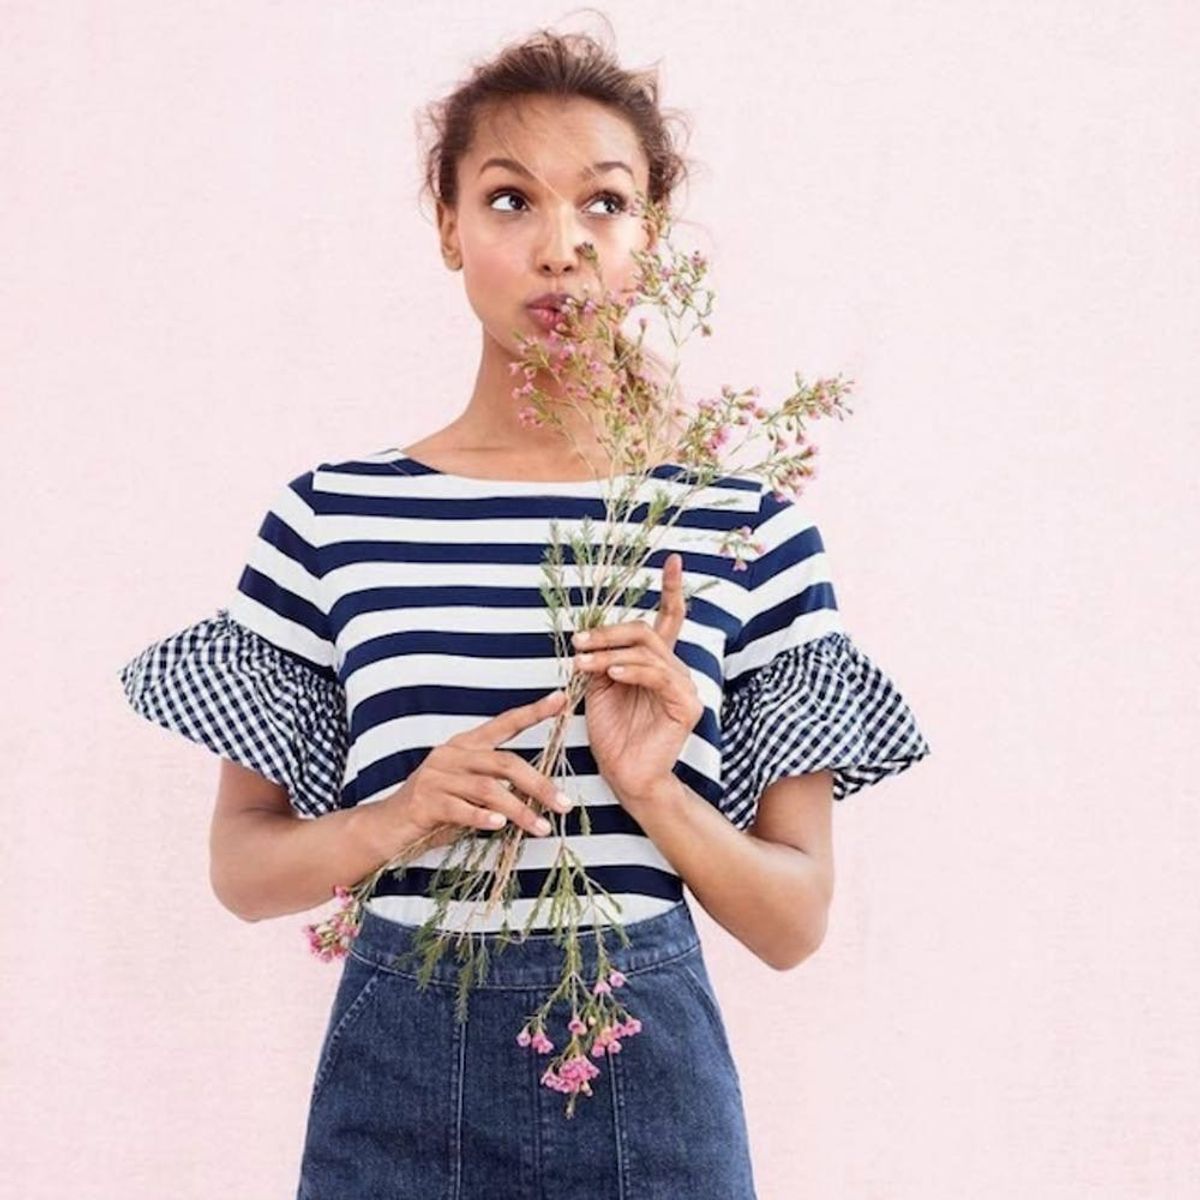 J.Crew Just Invented Its Own Holiday to Celebrate Stripes
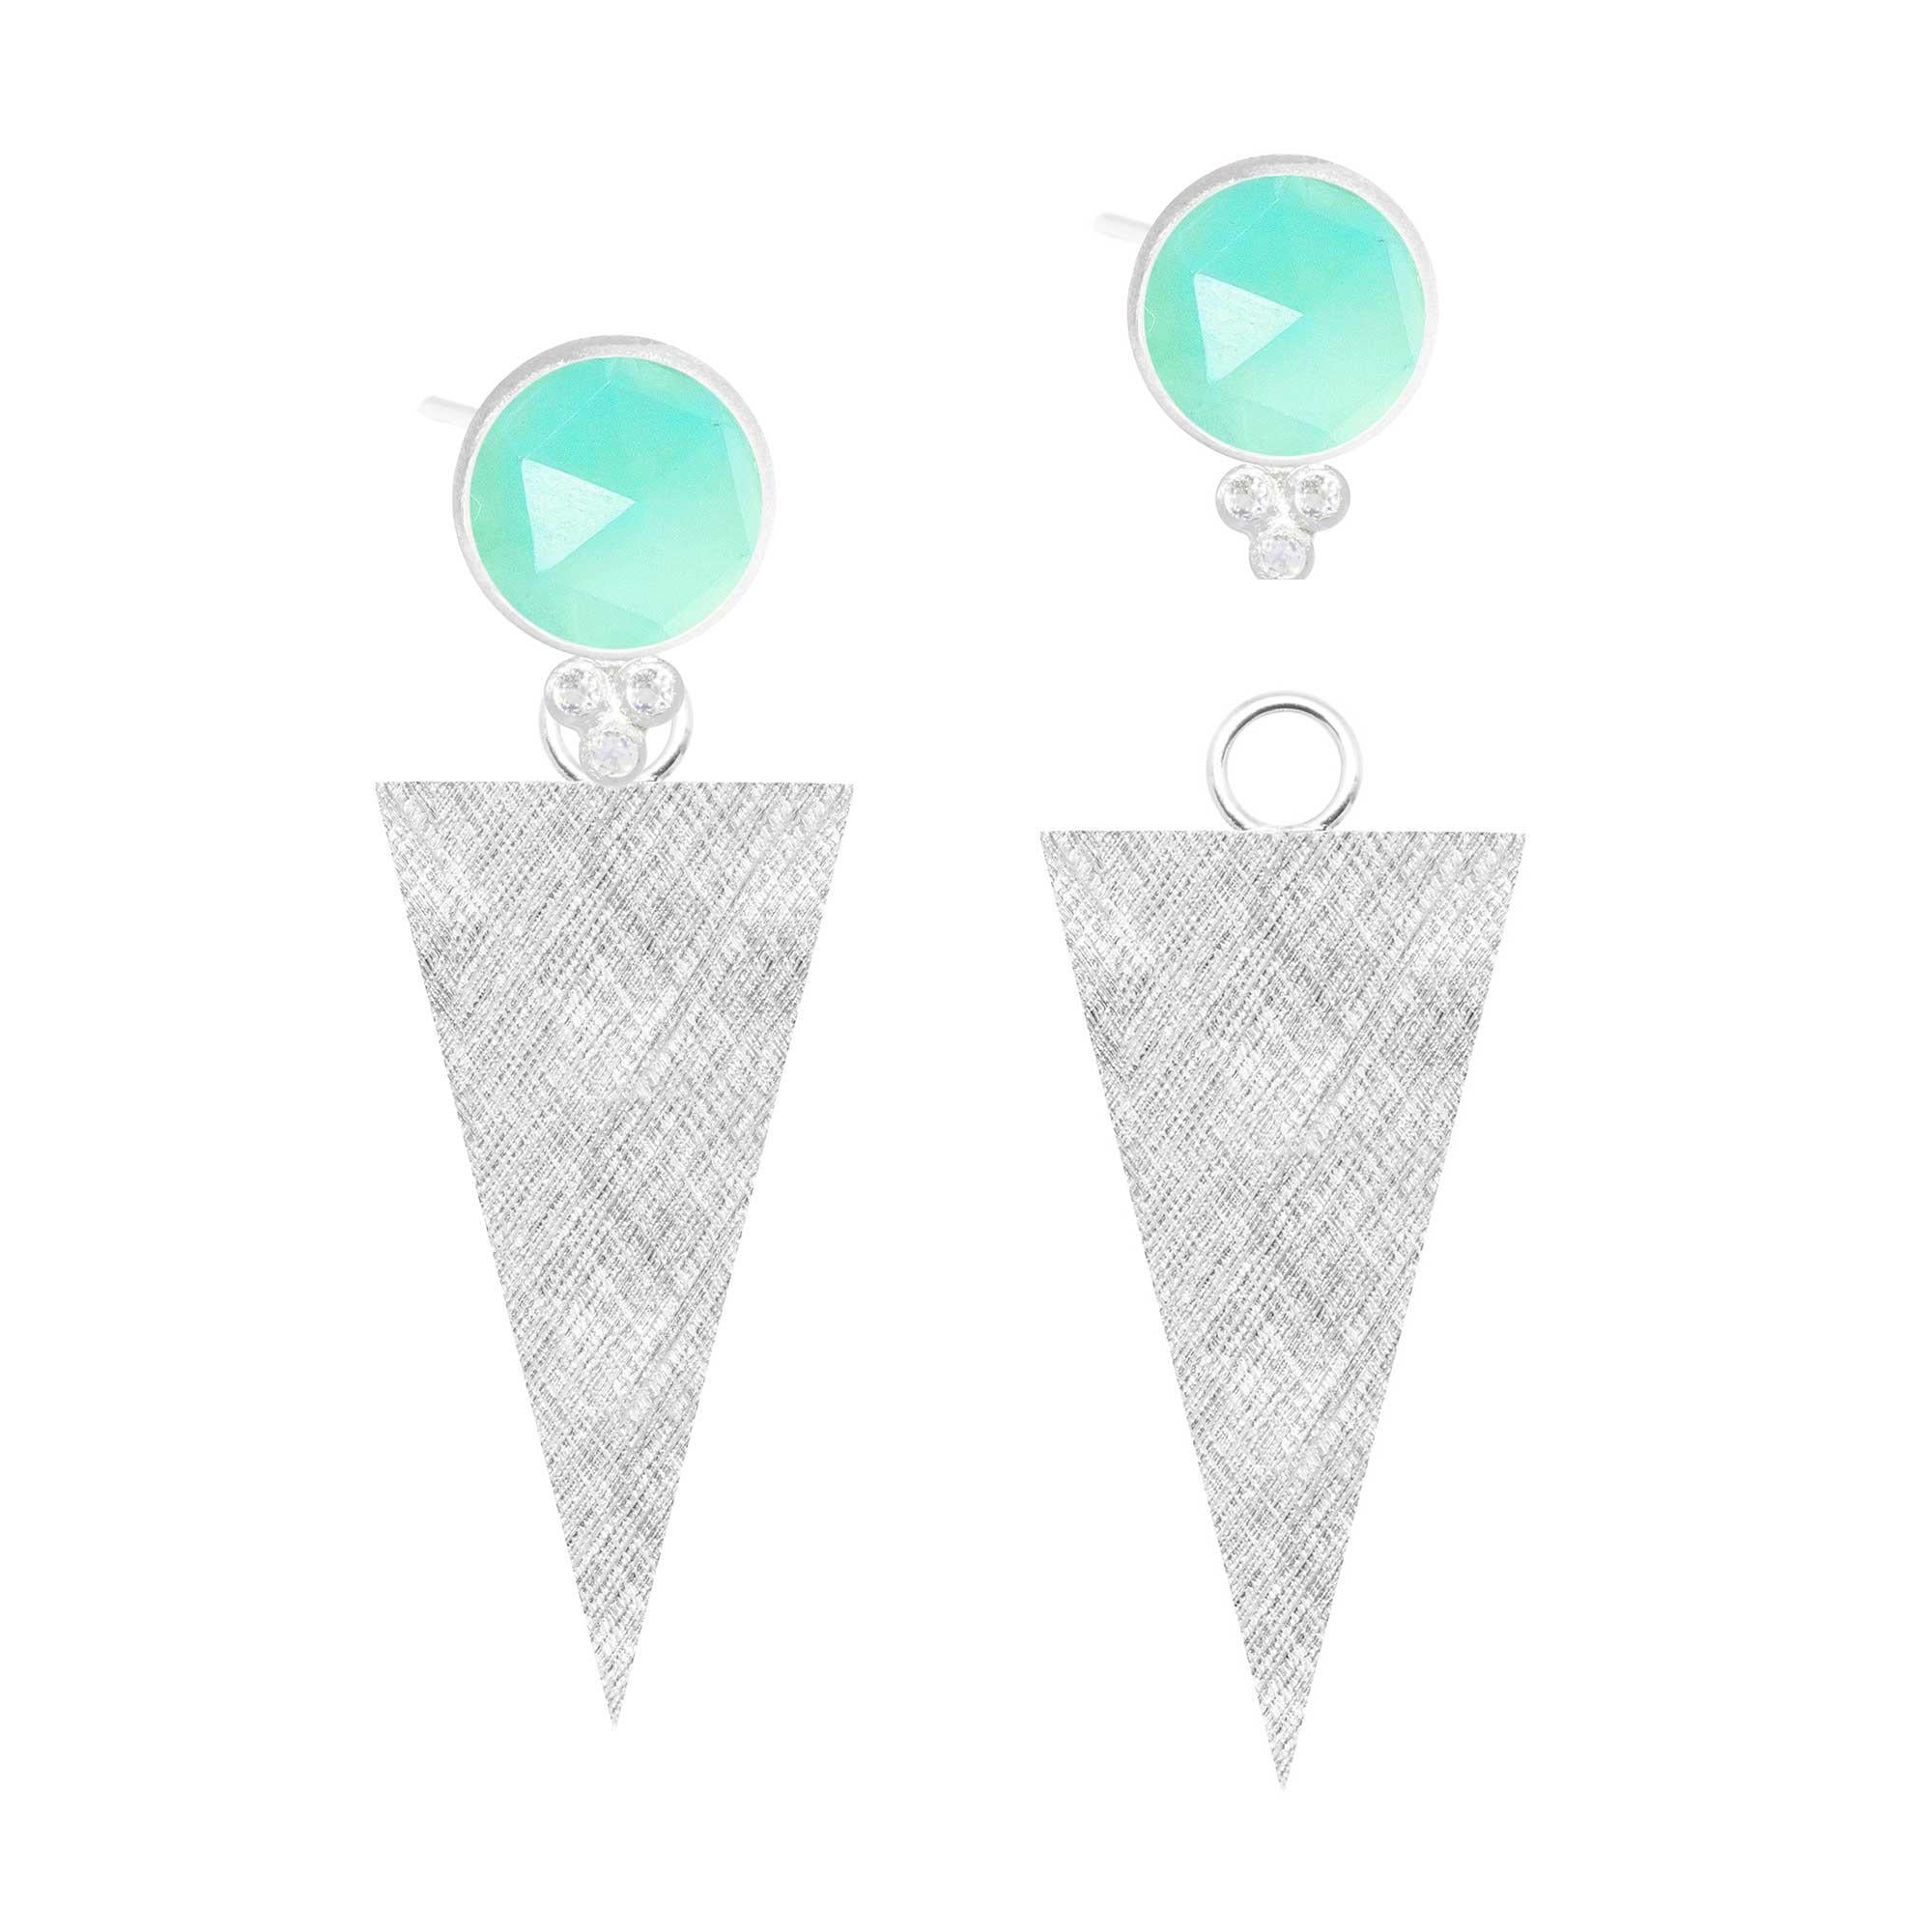 A Nina Nguyen classic: Our Chloe Chrysoprase Silver Studs are designed with faceted chrysoprases rimmed in silver, and accented with gemstones for some extra sparkle.

Metal: Sterling Silver
Stone carat: 7
Stone size: 10mm

About the
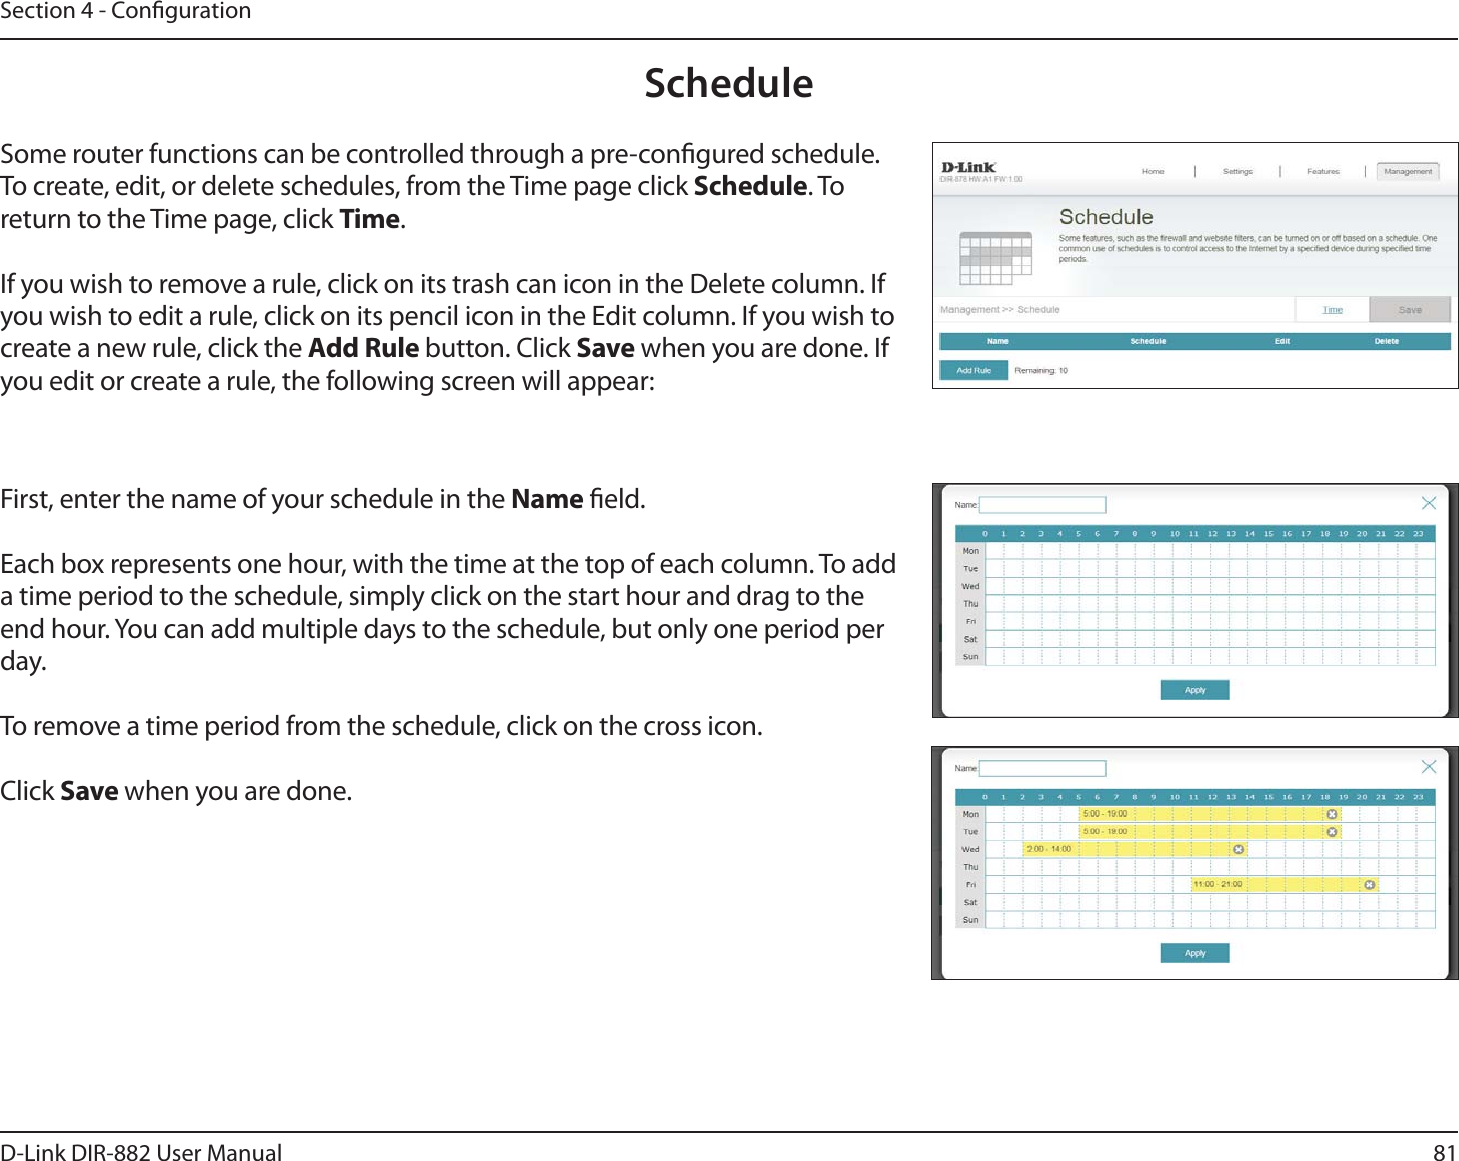 81D-Link DIR-882 User ManualSection 4 - CongurationScheduleSome router functions can be controlled through a pre-congured schedule. To create, edit, or delete schedules, from the Time page click Schedule. To return to the Time page, click Time. If you wish to remove a rule, click on its trash can icon in the Delete column. If you wish to edit a rule, click on its pencil icon in the Edit column. If you wish to create a new rule, click the &quot;EE3VMFbutton. Click Save when you are done. If you edit or create a rule, the following screen will appear:First, enter the name of your schedule in the Name eld.Each box represents one hour, with the time at the top of each column. To add a time period to the schedule, simply click on the start hour and drag to the end hour. You can add multiple days to the schedule, but only one period per day.To remove a time period from the schedule, click on the cross icon.Click Save when you are done.
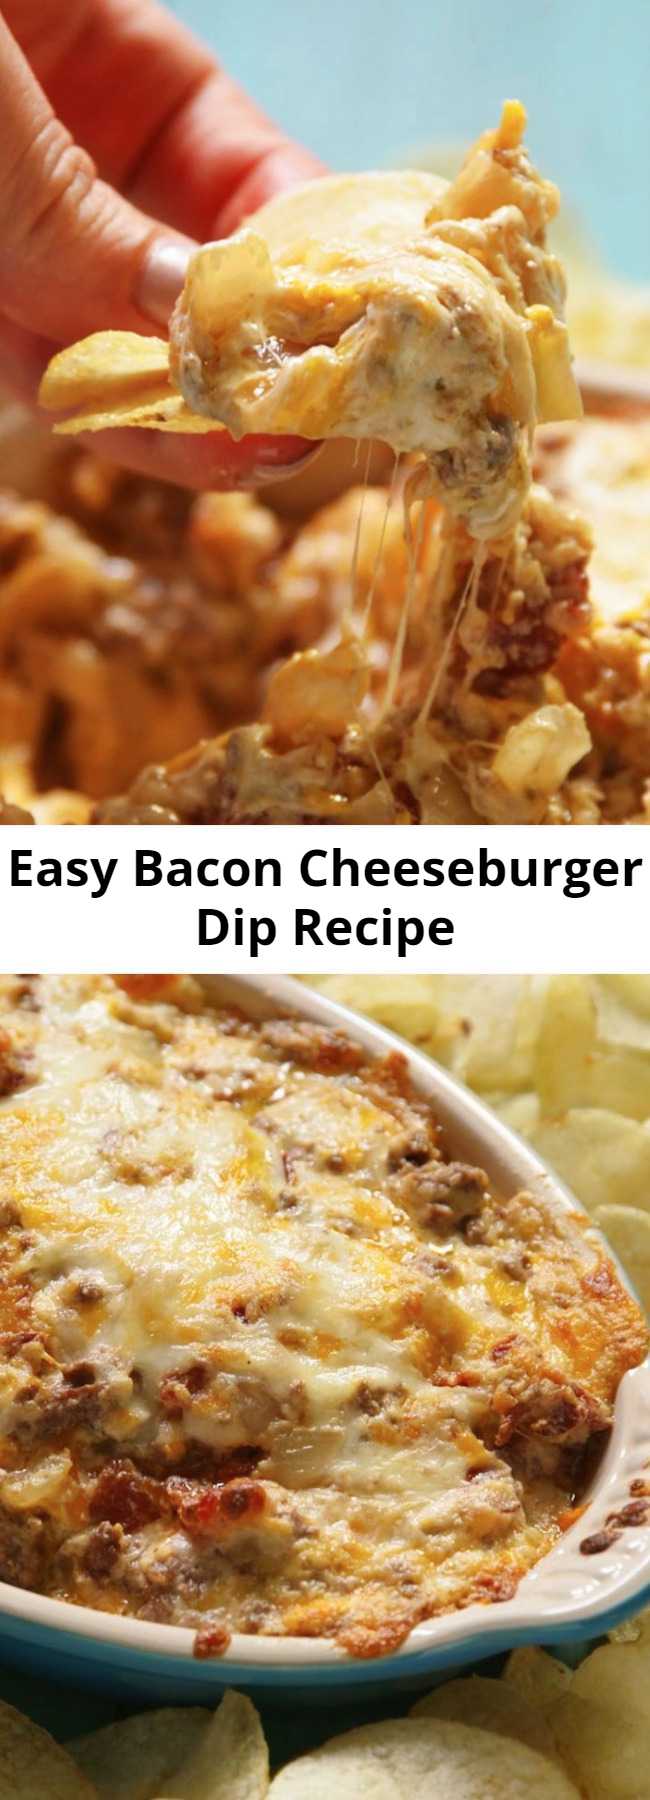 Easy Bacon Cheeseburger Dip Recipe - Obsessed with burgers? Us, too. This easy and super cheesy dip is loaded with ground beef, onion, Worcestershire sauce. And we dip chips in it because this is America and we can do what we want.

┄┄┄┄┄┄

# [REQUIREMENT]
Output the complete listing exactly as it appears, except for the images.

# [ANSWER SECTION]
 J.Crew Just Invented Its Own Holiday to Celebrate Stripes
 A Nina Nguyen classic: Our Chloe Chrysoprase Silver Studs are designed with faceted chrysoprases rimmed in silver, and accented with gemstones for some extra sparkle.

Metal: Sterling Silver
Stone carat: 7
Stone size: 10mm

About the
 81D-Link DIR-882 User ManualSection 4 - CongurationScheduleSome router functions can be controlled through a pre-congured schedule. To create, edit, or delete schedules, from the Time page click Schedule. To return to the Time page, click Time. If you wish to remove a rule, click on its trash can icon in the Delete column. If you wish to edit a rule, click on its pencil icon in the Edit column. If you wish to create a new rule, click the &quot;EE3VMFbutton. Click Save when you are done. If you edit or create a rule, the following screen will appear:First, enter the name of your schedule in the Name eld.Each box represents one hour, with the time at the top of each column. To add a time period to the schedule, simply click on the start hour and drag to the end hour. You can add multiple days to the schedule, but only one period per day.To remove a time period from the schedule, click on the cross icon.Click Save when you are done.
 Easy Bacon Cheeseburger Dip Recipe - Obsessed with burgers? Us, too. This easy and super cheesy dip is loaded with ground beef, onion, Worcestershire sauce. And we dip chips in it because this is America and we can do what we want.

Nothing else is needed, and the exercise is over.